To be successful in this task, I would proceed as follows: (1) Specify KPIs to be presented for each type of management level (I guess in your case, you will have 1)

(2) Distill KPIs (e.g. LOC is to be avoided as indicated by bethlakshmi's post). Also, you need to ensure that the data reported is something you can produce or calculate accurately using the tools you have.

(3) Determine how you plan to collect, calculate and accumulate the data up-to-date and make sure this process is counted for in your project plan (sounds like a data-mart work)

(4) Specify the best representation to use to present the information (this is what your question is about) and do a prototype the looks to be approved by managers.

I would recommend a dashboard style presentation (see sample image below - I know it is not fancy!) enter image description here

A better one can be found at Telerik-TeamPlus Tool

Now as per (4), you have already identified some KPIs.
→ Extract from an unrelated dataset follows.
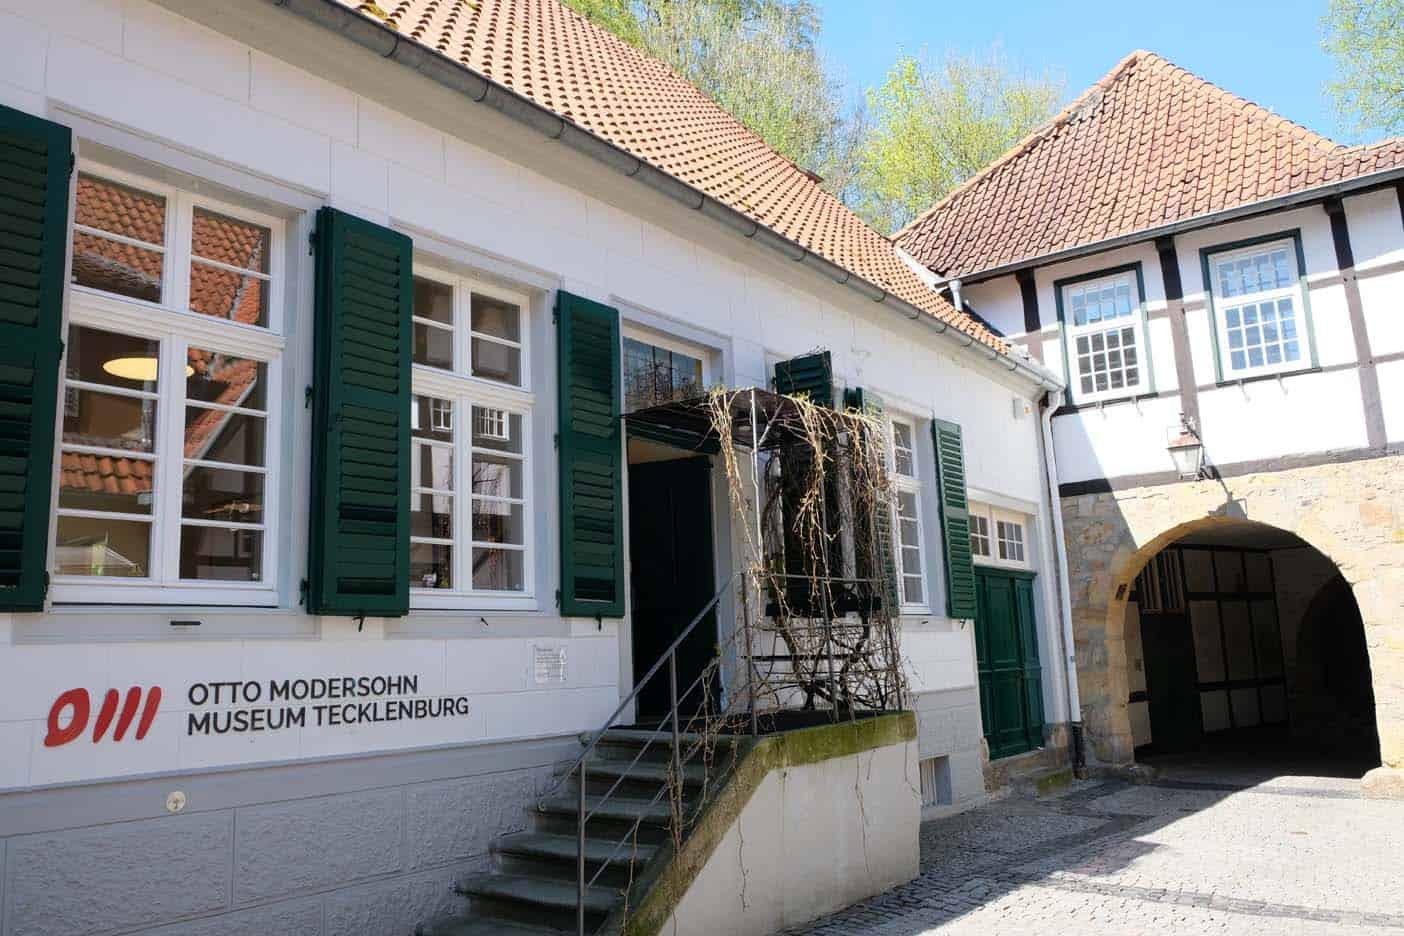 Otto Modersohn museum Tecklenburg

Next thing is to categorized the KPIs in groups (e.g. Overall Status, Financial Status, Staffing Status, Task Status) Each group could be represented by a screen/page/Excel tab, etc.
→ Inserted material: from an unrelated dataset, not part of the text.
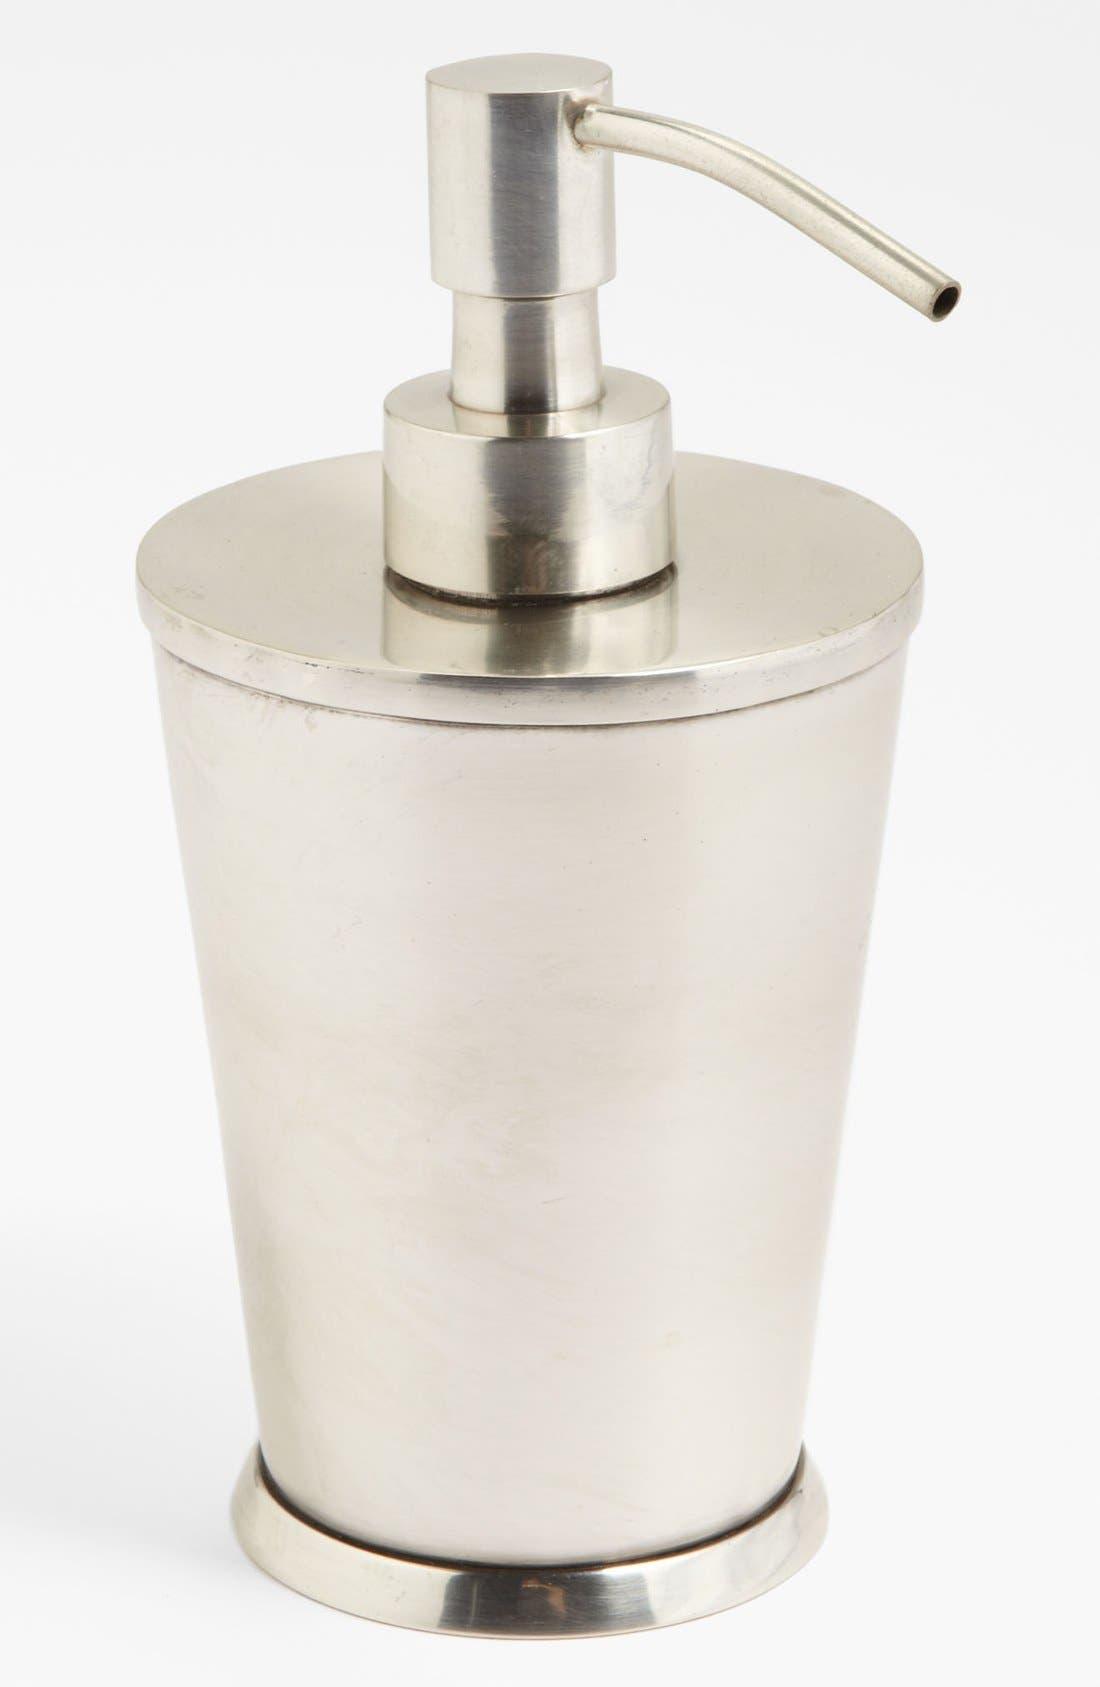 Alternate Image 1 Selected - Waterworks Studio 'Wallingford' Soap Dispenser (Online Only)

In addition to Burndown charts mentioned by other responders, you may want to Use 1 or more Gantt Charts to show: 1 - Overall very high level project dependency 2 - Milestones for the on-going reporting period and its neighborhood (say current month and 1 month before and after)

Software to use and visualization capabilities greatly depends on what you have, what you can afford, where your current data is, how do you plan to publish the information, etc.

The list to choose from is long (Telerik-TeamPlus Product, MS-Project, Zoho Reports, Zoho Projects, Project Dashboard, among others of course)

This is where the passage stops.